Has anyone figured out how to take pictures under LED's it seems like a daunting task as all of them turn out extremely blue, I tried white balance and post touch up corrections but somehow can't capture any usable photos that have more than just blue in the picture. 

I have taken photos previously with Halide/T5 lighting but now with the LED's being very specific with the light spectrum it seems like the Point and shoot cameras don't know how to balance. 

Has anyone had any luck with the point and shoots?


----------



## explor3r (Mar 14, 2010)

Im not an expert on taking pictures but I have a black lens cover that seen to difuse the blue.
Most of the time I ramp the whites and take the shot from the top and it works..I dont know if that helps


----------



## Redddogg69 (Oct 1, 2011)

Depends on the type of camera, higher end DSLR's will have enough of a white balance adjustment to compensate, point and shoots won't.


----------



## 50seven (Feb 14, 2010)

Try Photoshop?


----------



## teemee (Aug 29, 2009)

you can also manually white balance your camera. have a look at your settings. you'll have to photograph something white in the water. its a bit of a pain but it makes a huge difference. major pain while diving, but I used to have to do it pretty often, depending on depth.


----------



## msobon (Dec 7, 2011)

50seven said:


> Try Photoshop?


Any type of post processing really doesnt do it as the image mostly contains the color blue, adjustments will just make the image white and washed out.

I'll post some pics to show.


----------



## darthvictor (Aug 16, 2011)

Try yellow color filter  thats how I did mine you see below.


----------



## jmb (Mar 20, 2012)

If your photo shop program allows; try adjusting the blue-green saturation, as well as, the hue.

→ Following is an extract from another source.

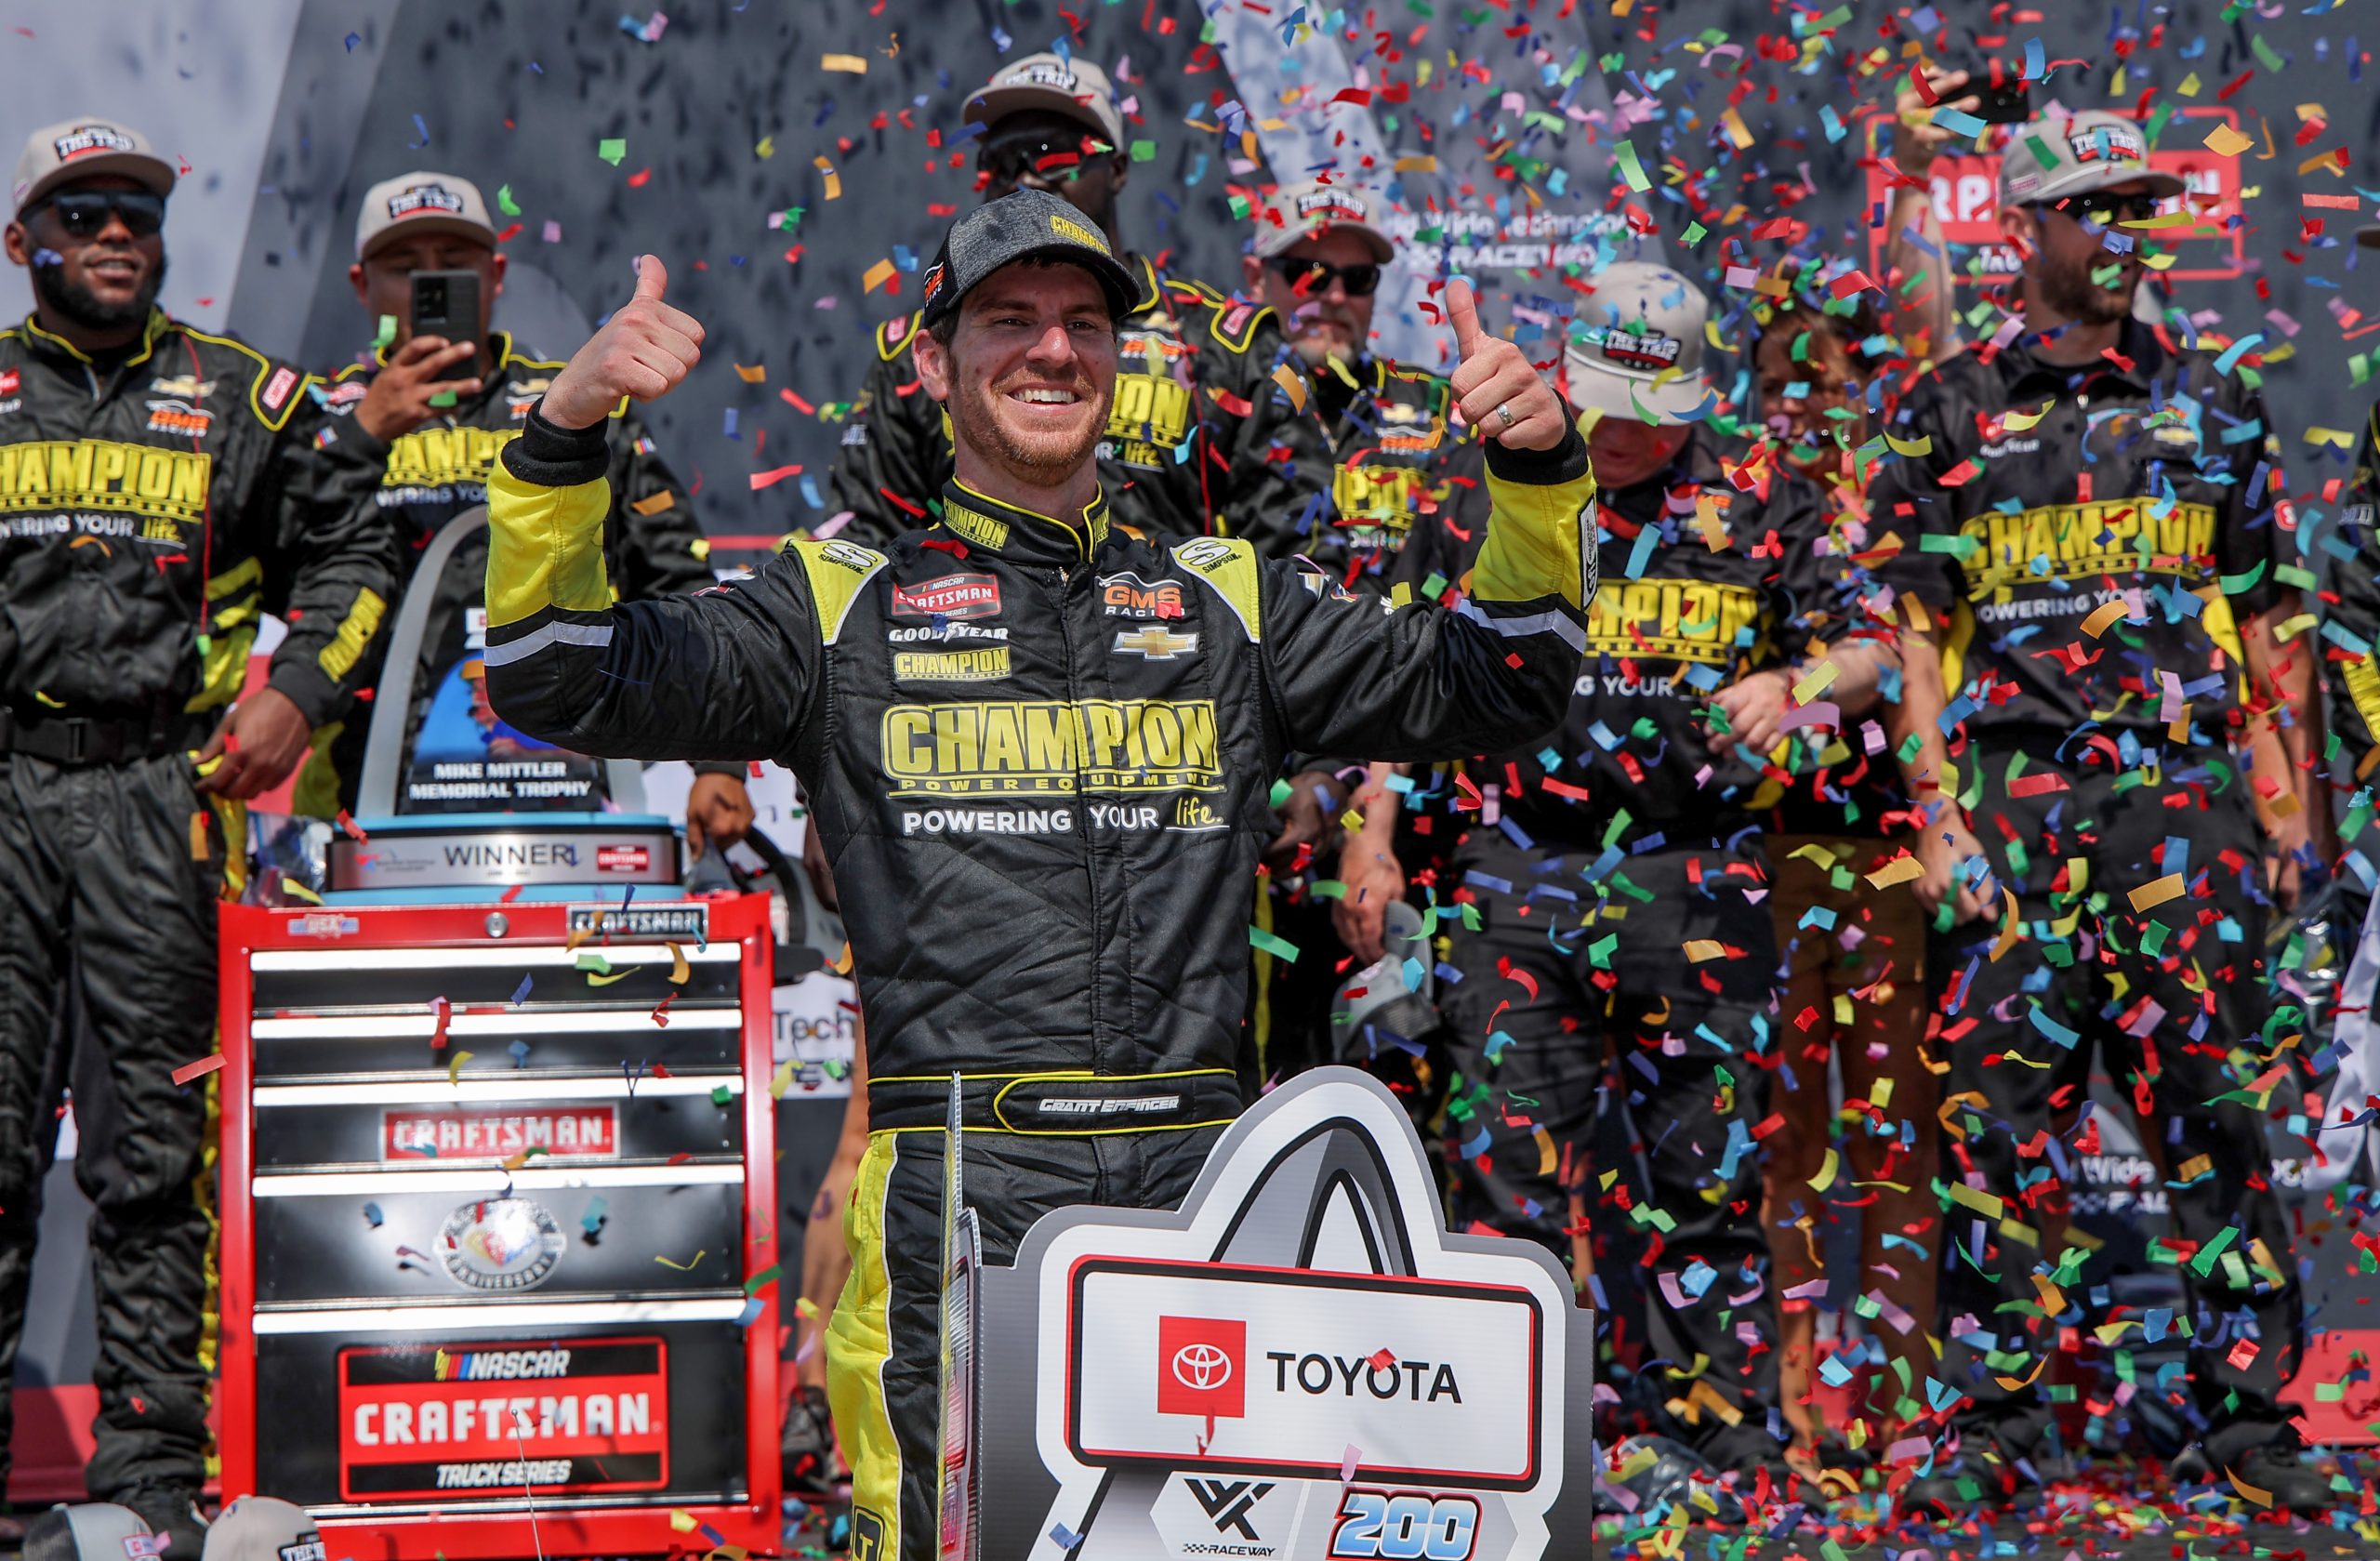 MADISON, ILLINOIS - JUNE 03: Grant Enfinger, driver of the #23 Champion Power Equipment Chevrolet, celebrates in victory lane after winning the NASCAR Craftsman Truck Series Toyota 200 at WWT Raceway on June 03, 2023 in Madison, Illinois. (Photo by Jonathan Bachman/Getty Images)

This way you might be able to remove some of the blue. Another thing you can try, is adjusting the tint. This control should be located where the white balance adjustment is.

For portraits of people they have what looks like flash cards, they come in grey and white, you could use a piece of paper and pre-focus, then while holding the trigger half way aim at what you were wanting to photograph in the tank. 

I use Adobe Lightroom 3 and they have those controls, depending on what you are using, you can get a trial download from Adobe and see how you like it.


----------



## Flexin5 (Nov 12, 2011)

i'm no expert, but here's my 2 cents. i've noticed this is a frequently asked question when trying to take pics of aquariums.

first thing is to get your camera to the best settings possible. if you are able to shoot in RAW it's easier to post process than a Jpeg. for white balance, take a pic on each setting, and find which one works best. it's not black/white, you may find that a white balance setting used for outdoor sunlight works best, or a tungston light, depending on what your camera has for settings.

second, take advantage of post processing. i use adobe bridge and photoshop (CS5). when you first open the pic a quick editor comes up and that's where you will do most of your processing. if you are using this, then you can just leave the camera on AWB (auto whtie balance) because you can change it here. i can't speak for other post processing programs because i haven't used them myself.

looks like this:










^on the right there, you can see a tab for white balance, you can choose "as shot" or daylight, clouady, tungston, floresent etc etc. pick the one that is the closest to what you are looking for.

then under the temprature slider, you pull it toward the right to pull the blue hue out of the pic. however much you want is up to you.

this is all i do for my pics, and they come out like this:



















keep in mind that i left that amount of blue in there, if i wanted it less, you would just slide the temp more to the yellow side. i shot these with my canon 1dmark2 and sigma fisheye lense and a 24-70 F2.8L; but for the white balance it can be done with a regular point and shoot.

hope this helps


----------